◆ **Input data**
Content starts
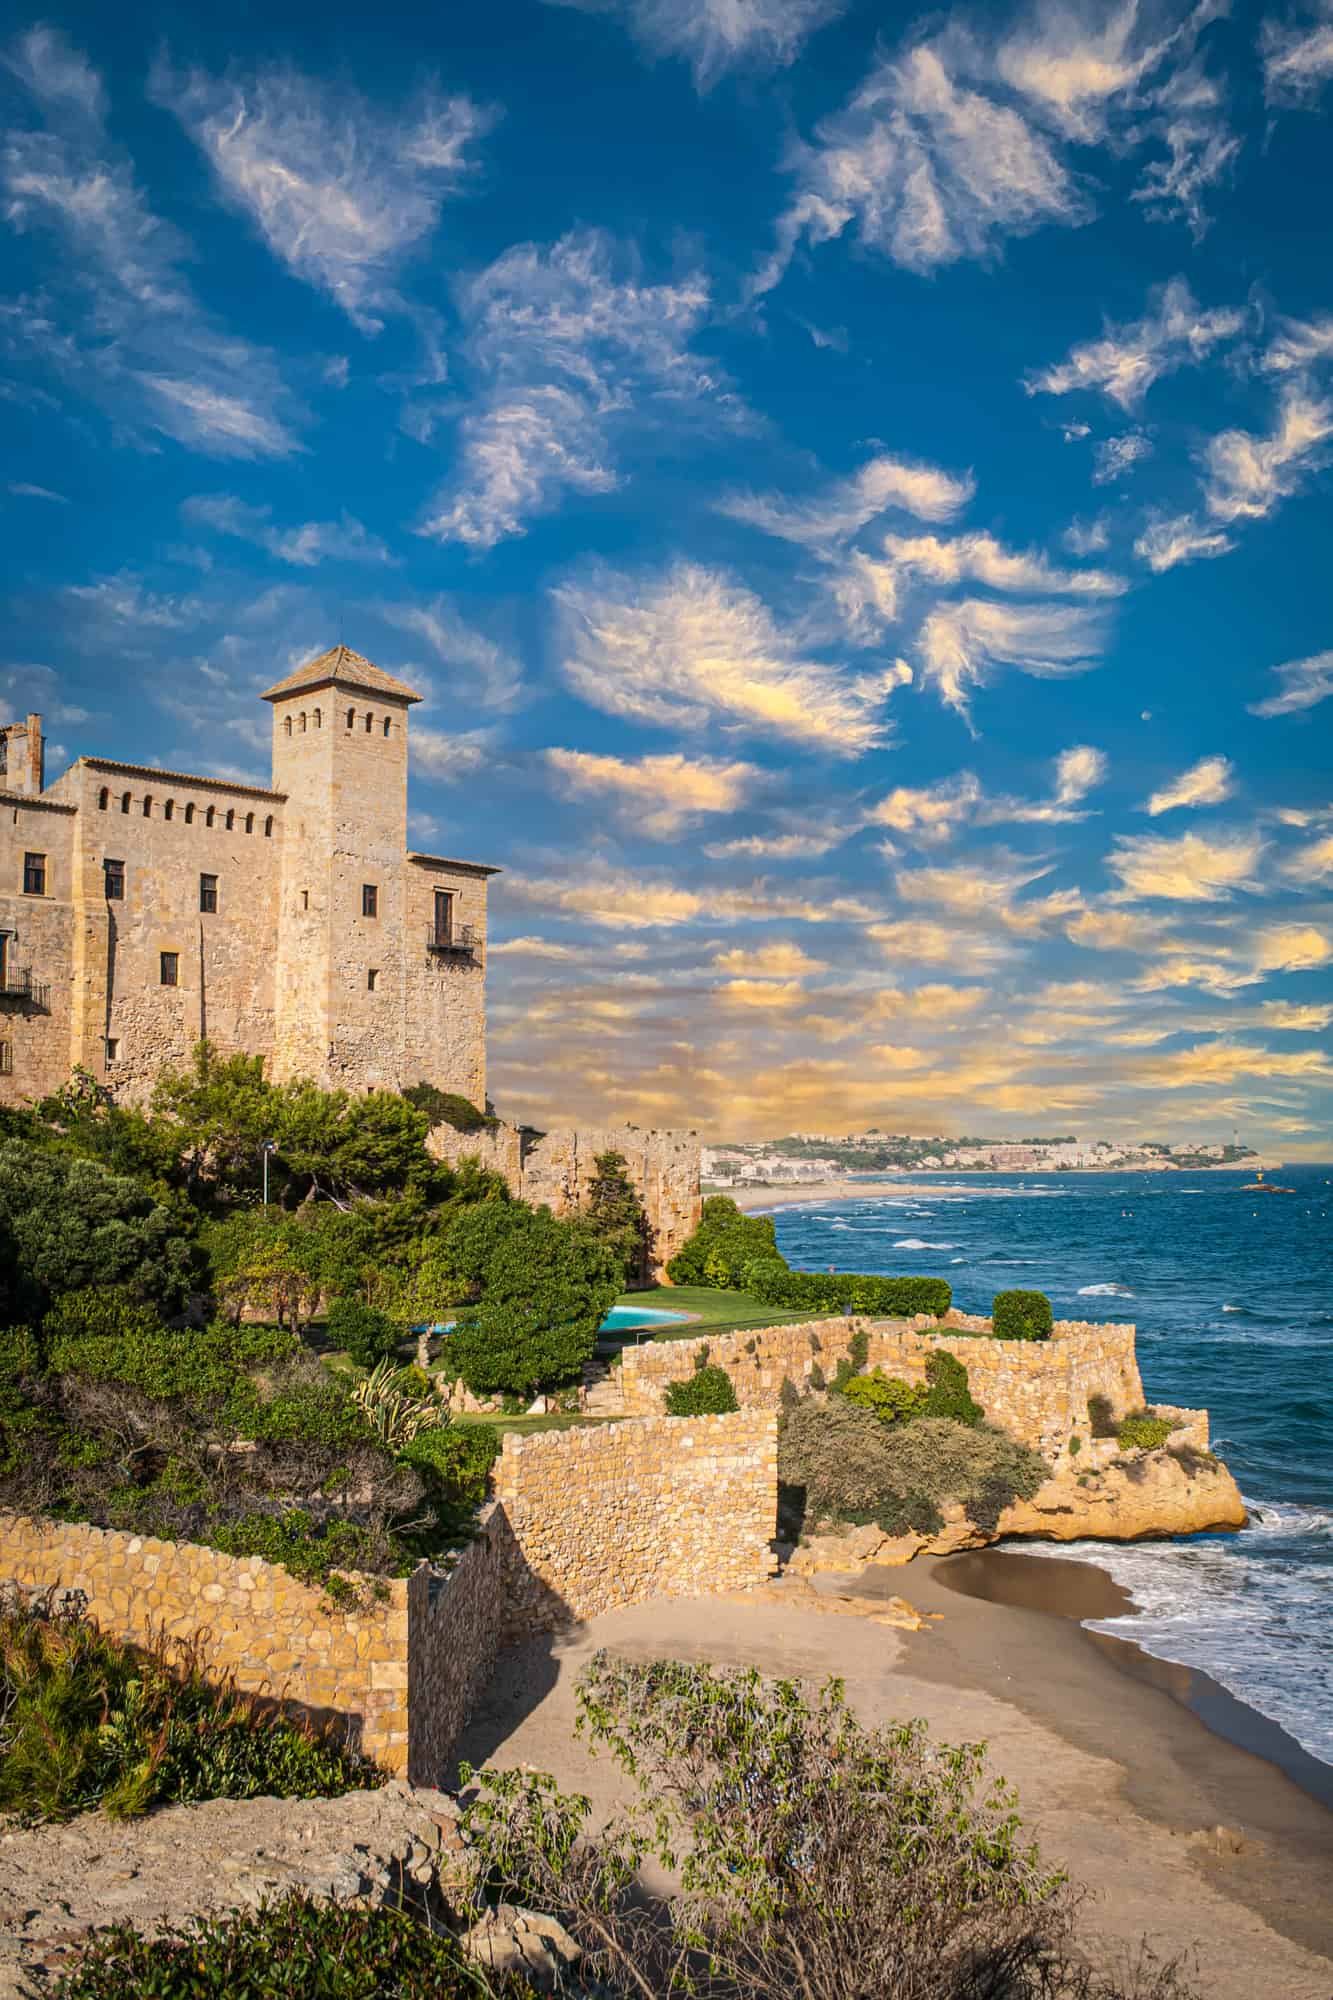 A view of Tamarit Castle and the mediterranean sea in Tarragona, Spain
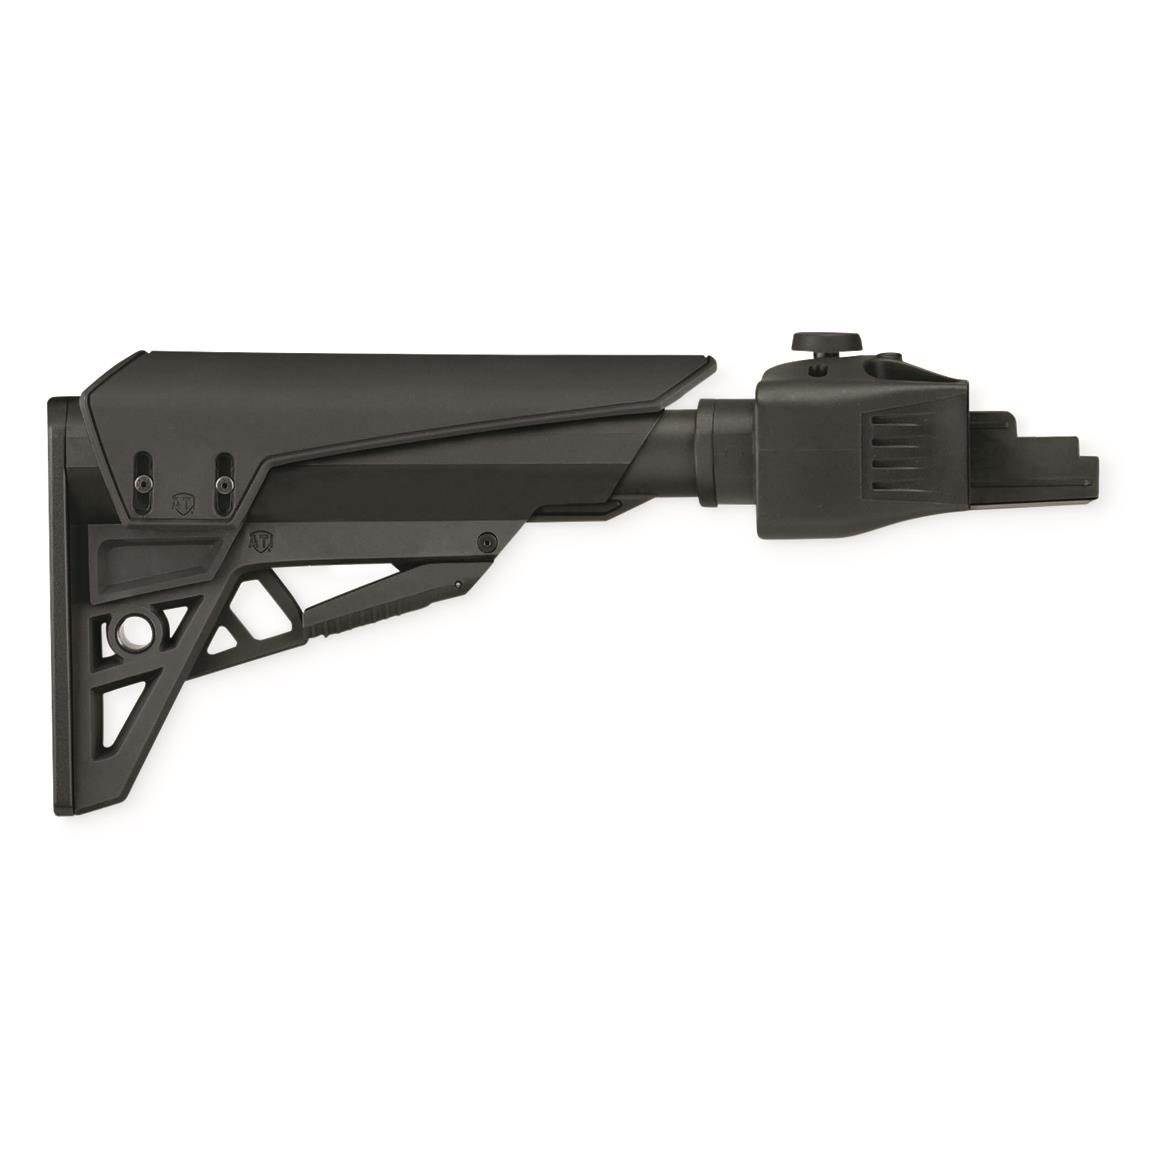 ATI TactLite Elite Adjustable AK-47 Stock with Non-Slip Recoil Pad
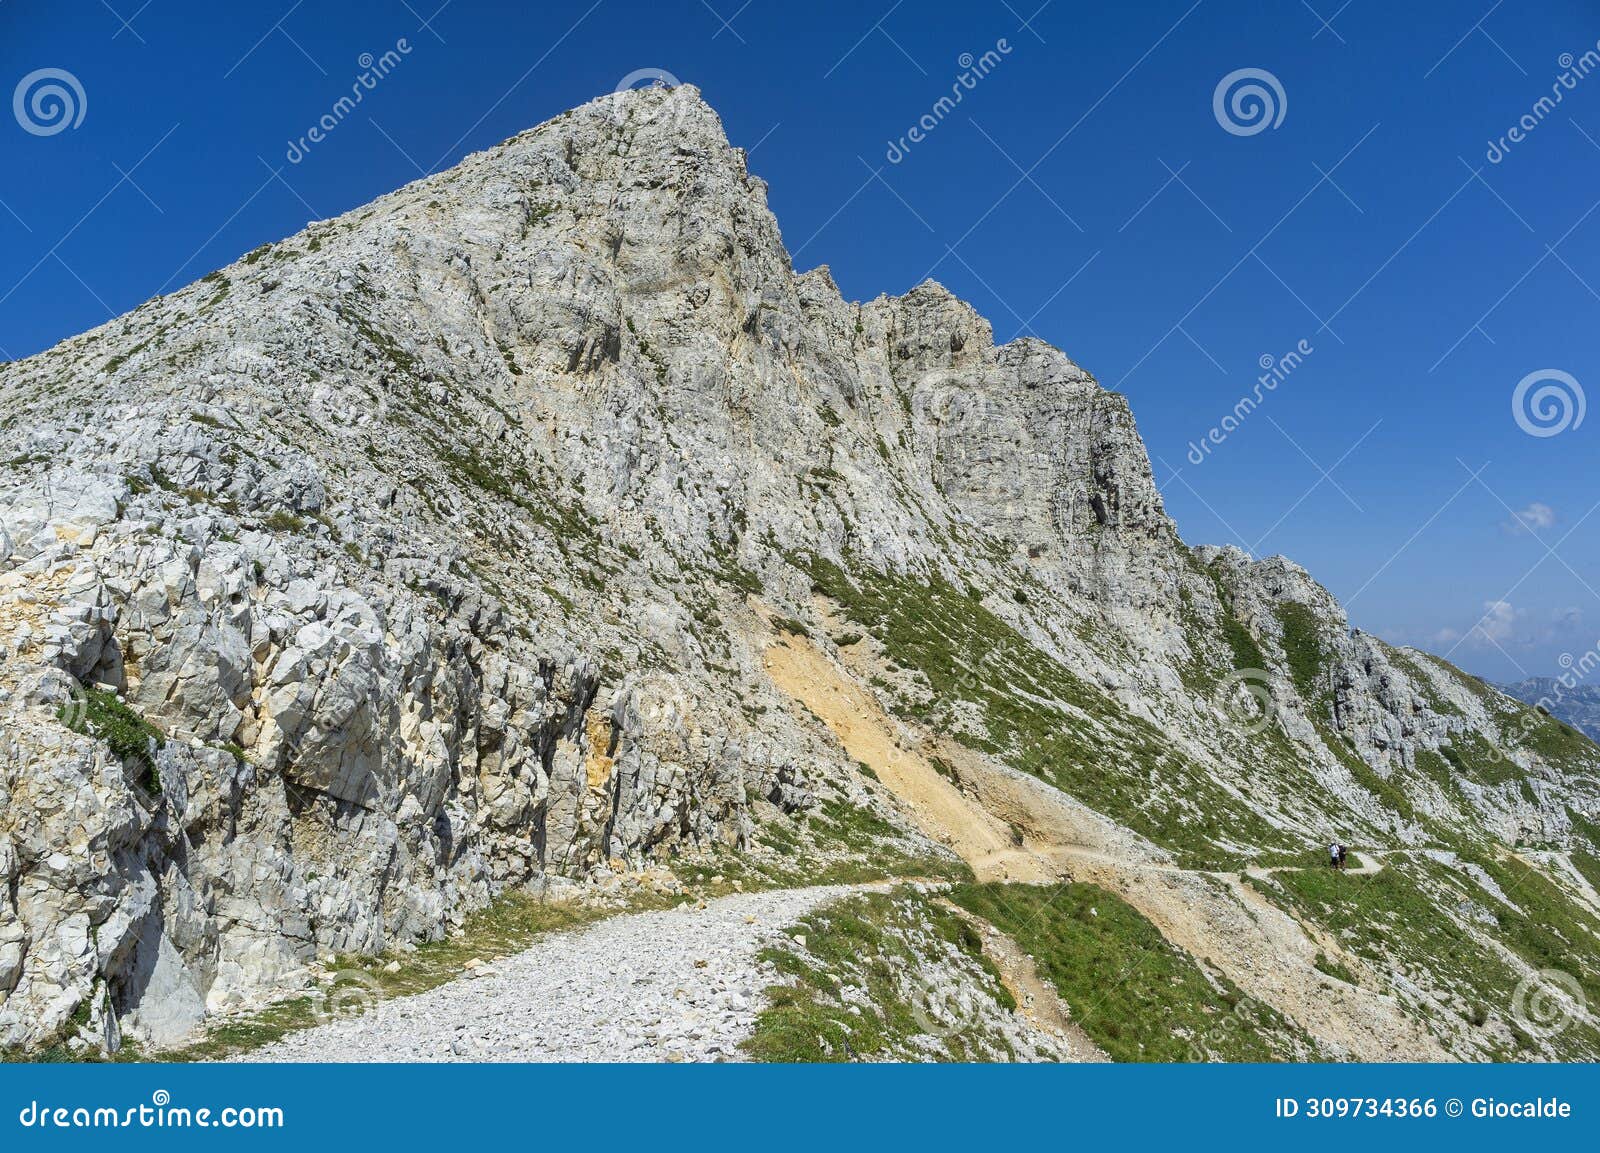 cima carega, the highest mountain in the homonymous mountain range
Content ends
◆ **Task**
Print the whole listing again exactly, please. No pictures.

◆ **Written answer**
 A view of Tamarit Castle and the mediterranean sea in Tarragona, Spain
 ATI TactLite Elite Adjustable AK-47 Stock with Non-Slip Recoil Pad
 cima carega, the highest mountain in the homonymous mountain range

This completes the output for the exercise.